For this exercise, return only the lines in the records below from the one holding "La grande statua" through the one holding "Buy Men Sandals", including both, exactly as they appear and without pictures.

PROVIDED INFORMATION

---

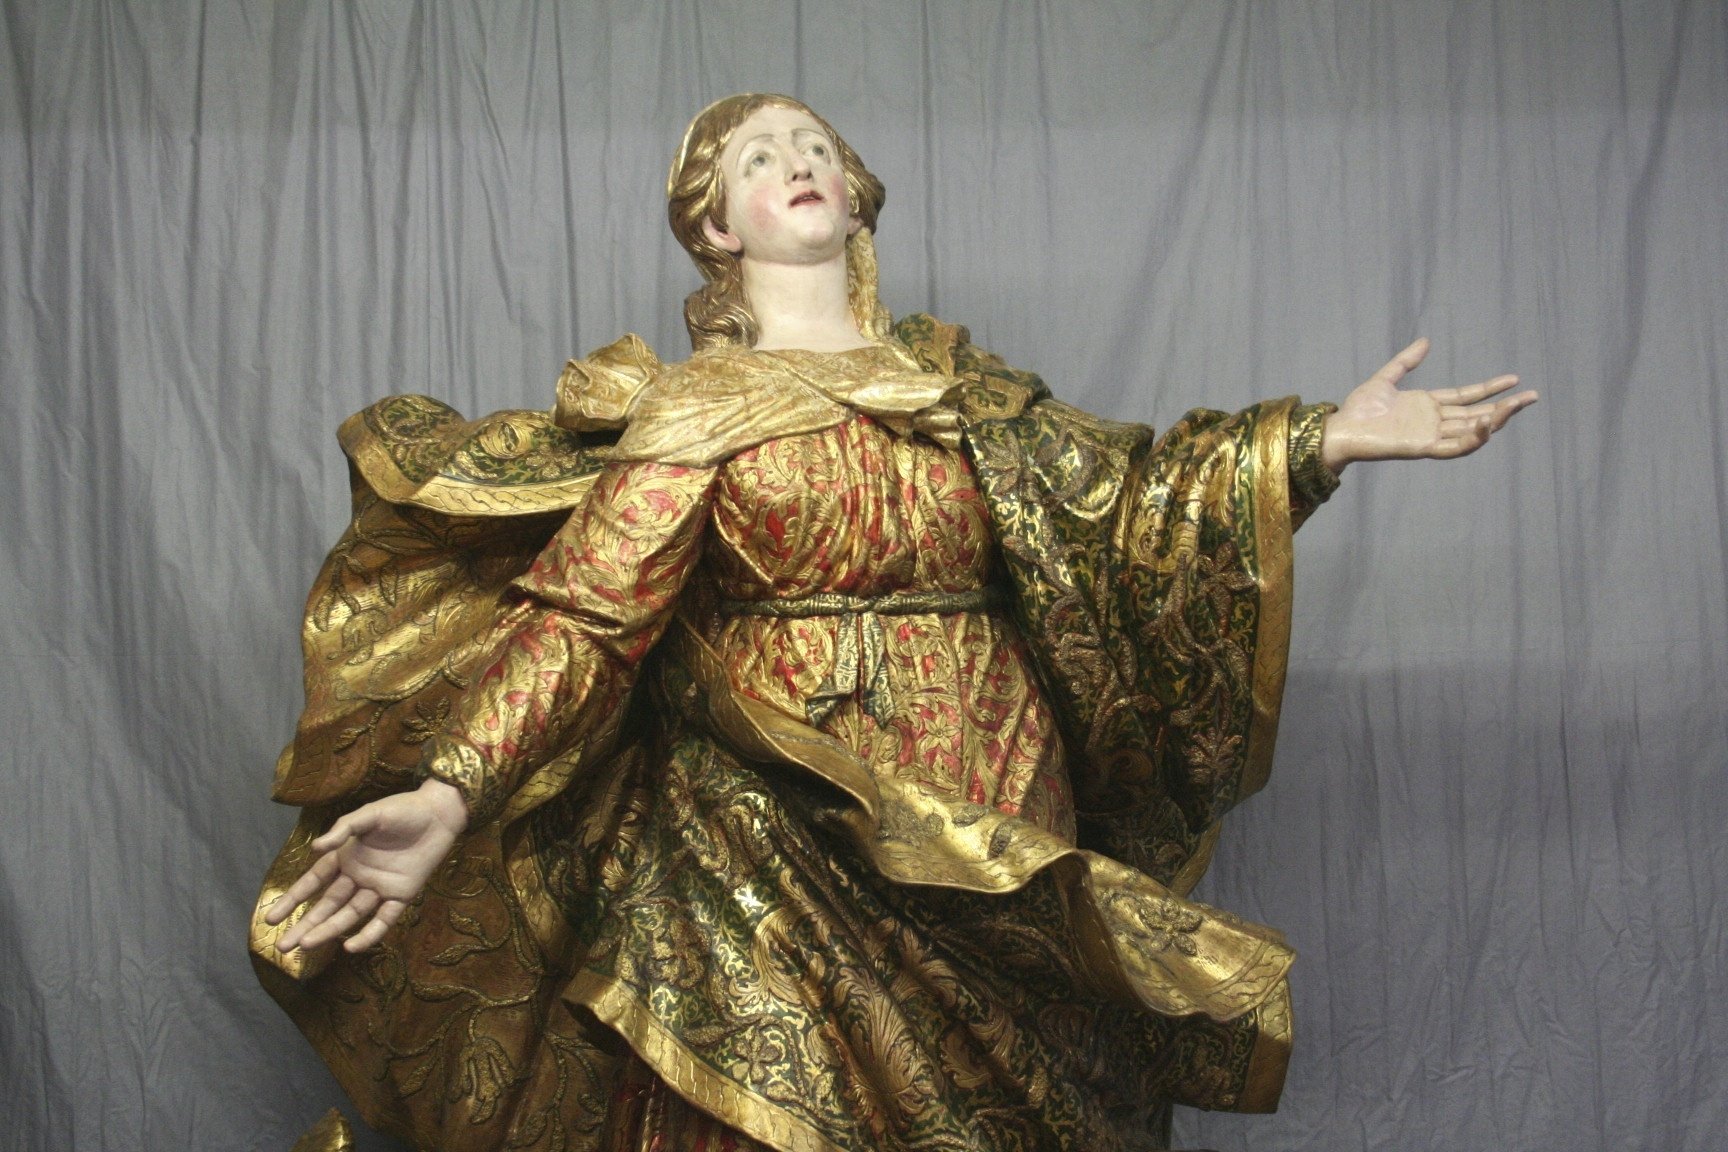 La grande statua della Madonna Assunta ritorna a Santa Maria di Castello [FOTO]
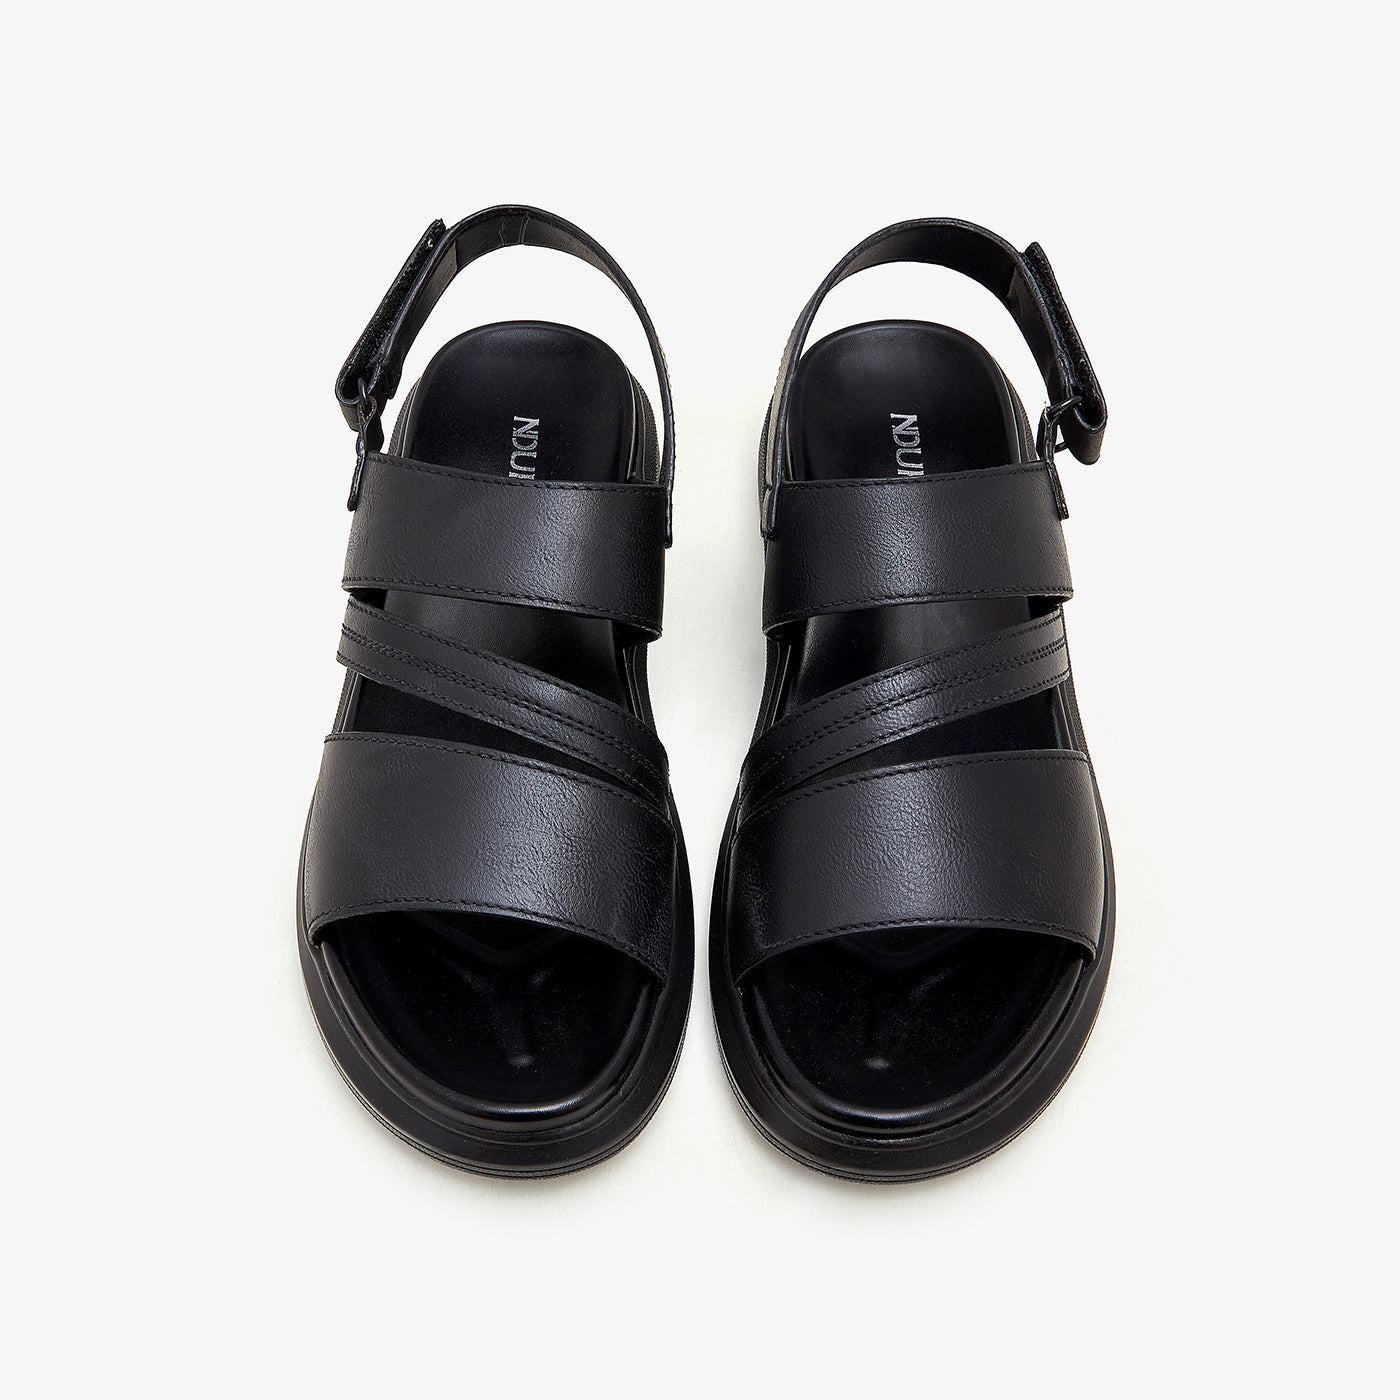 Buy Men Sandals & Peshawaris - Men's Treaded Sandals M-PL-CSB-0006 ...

---

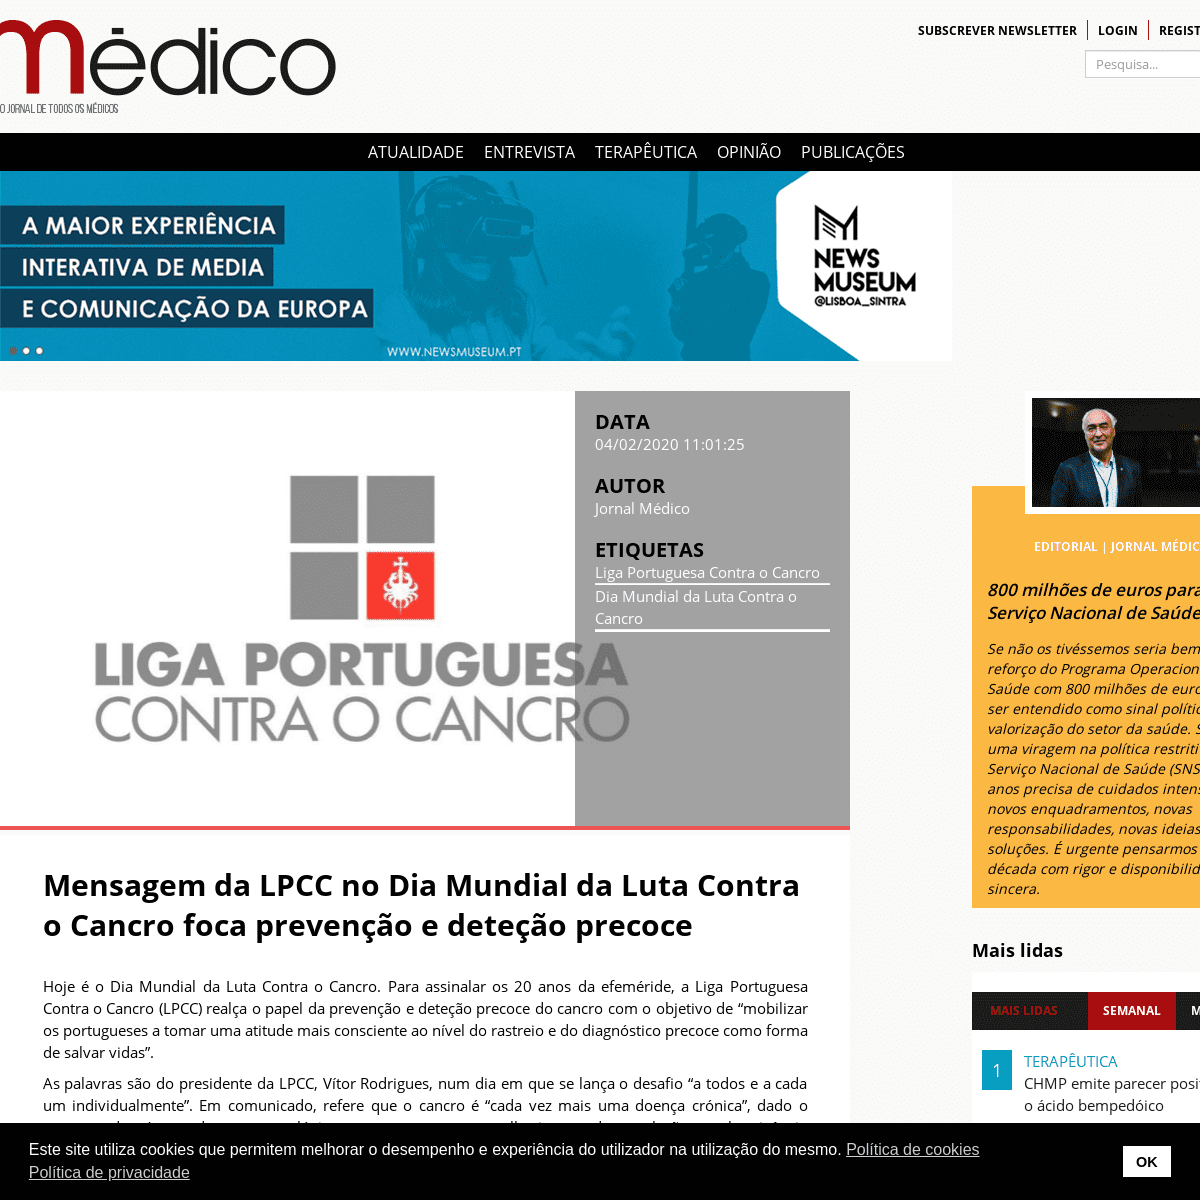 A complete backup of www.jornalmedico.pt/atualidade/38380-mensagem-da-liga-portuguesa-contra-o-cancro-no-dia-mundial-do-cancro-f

---

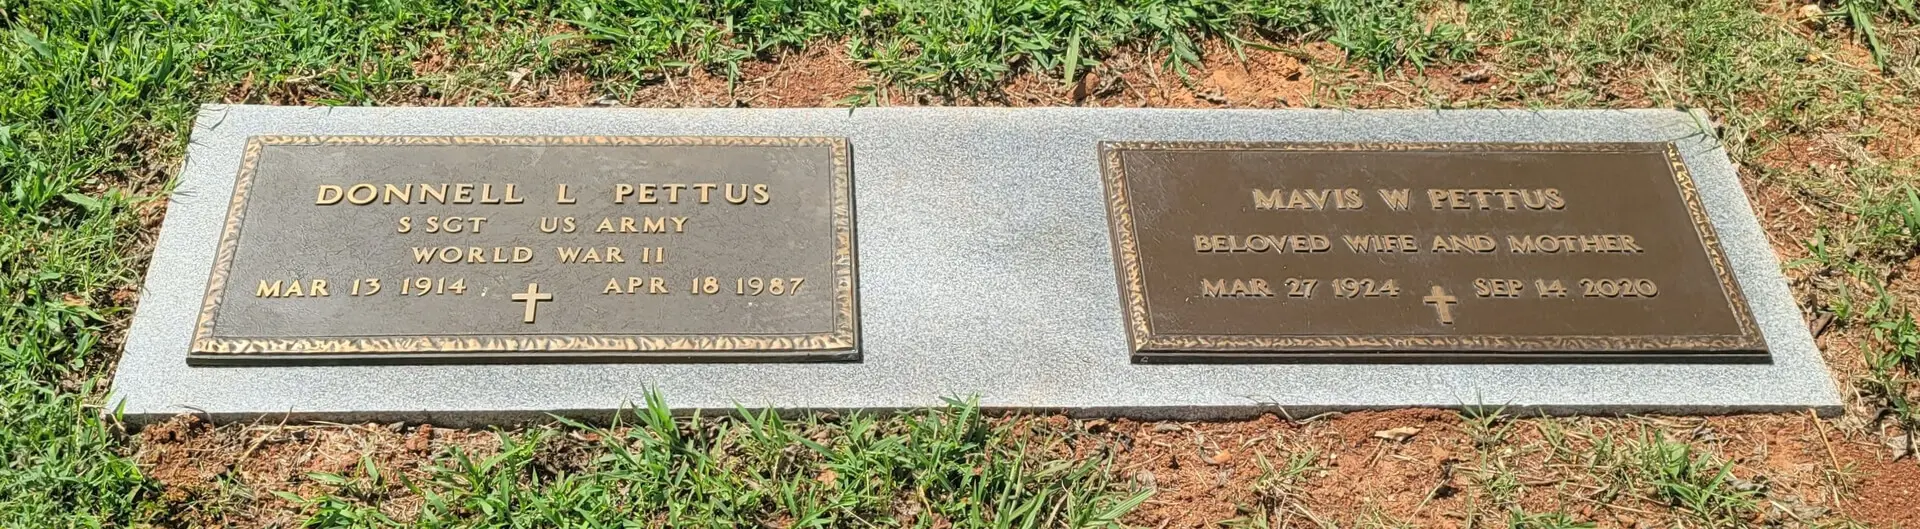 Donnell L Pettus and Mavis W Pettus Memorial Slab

---

PROBLEM SOLUTION
 La grande statua della Madonna Assunta ritorna a Santa Maria di Castello [FOTO]
 Buy Men Sandals & Peshawaris - Men's Treaded Sandals M-PL-CSB-0006 ...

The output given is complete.